> **YOUR OBJECTIVE**: The reply is to contain the full listing, repeated exactly, with pictures left out.

> **DATASET EXTRACT**:
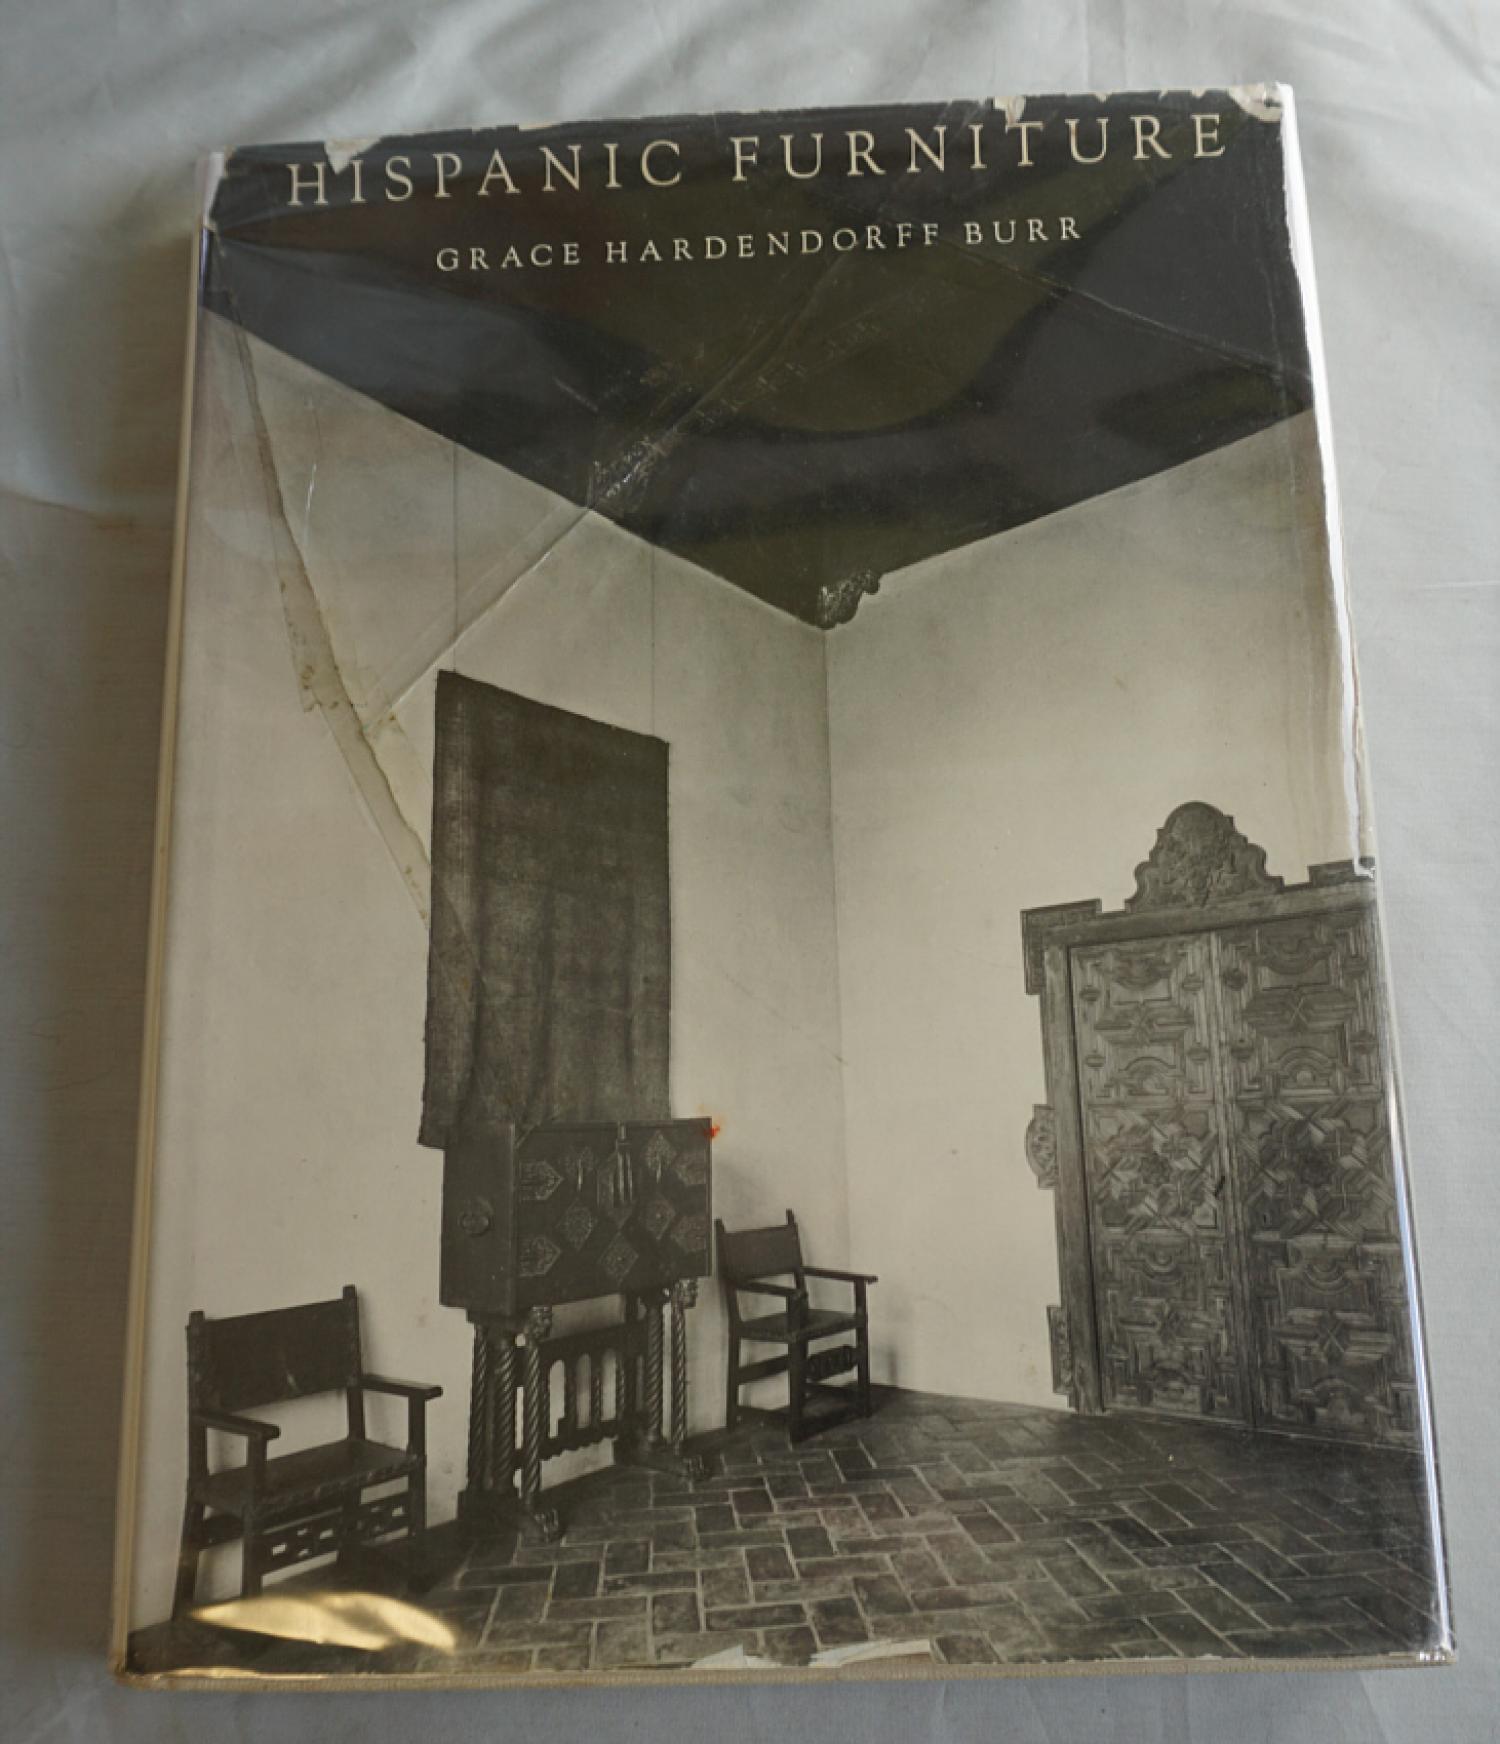 Hispanic Furniture by Grace Hardendorff Burr 1964
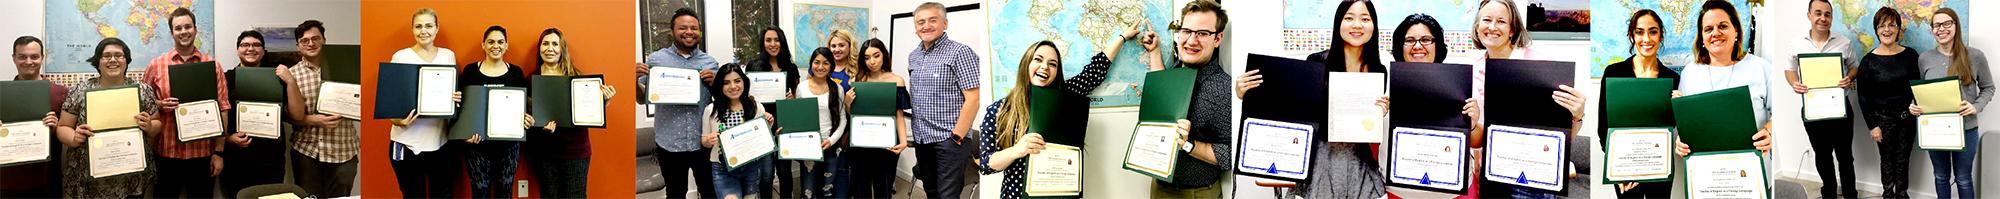 AZ Language Graduates Stitch
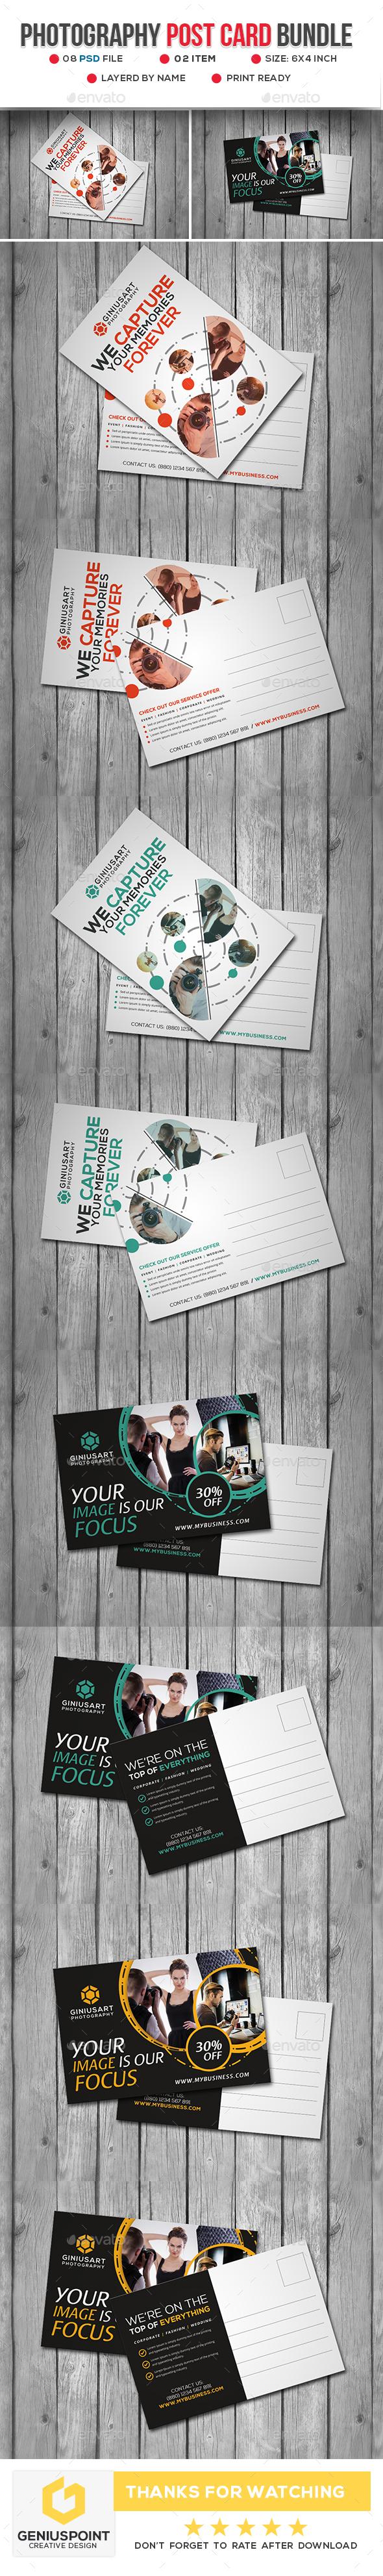 Photography Post Card Bundle - Cards & Invites Print Templates
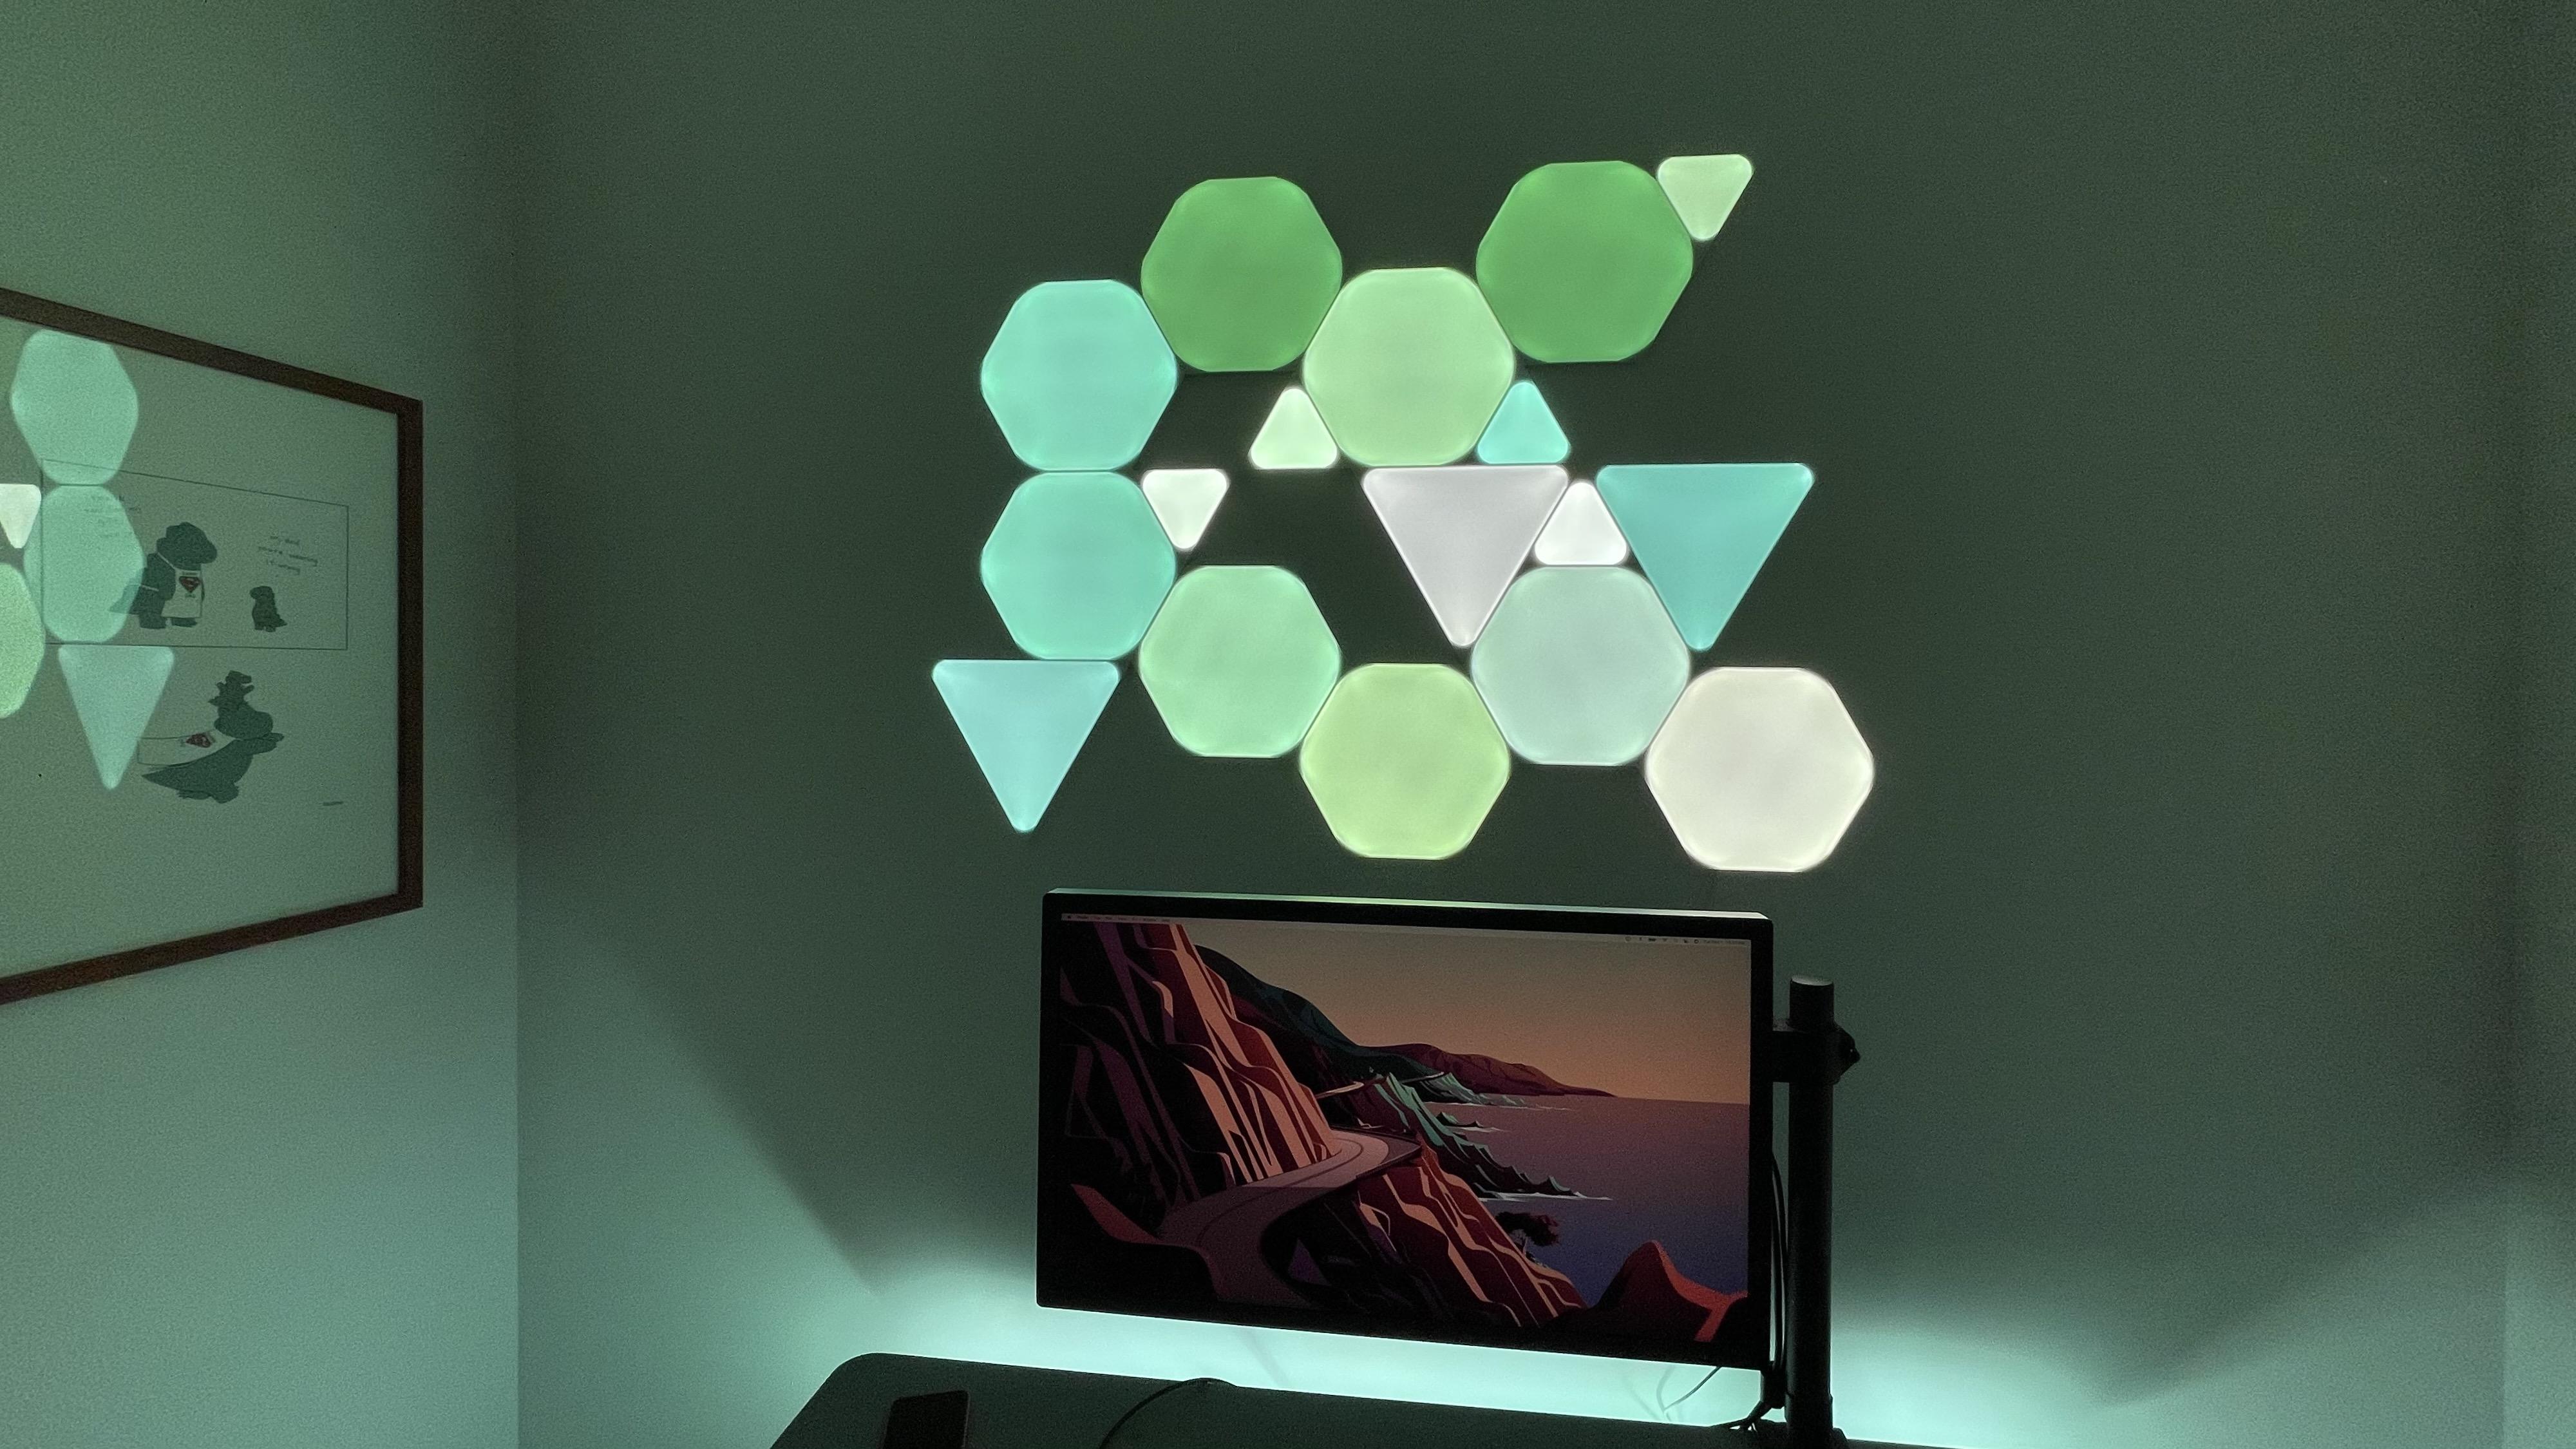 Review Nanoleaf Shapes HomeKit light panels - green

> **WRITTEN RESPONSE**:
 Hispanic Furniture by Grace Hardendorff Burr 1964
 AZ Language Graduates Stitch
 Photography Post Card Bundle - Cards & Invites Print Templates
 Review Nanoleaf Shapes HomeKit light panels - green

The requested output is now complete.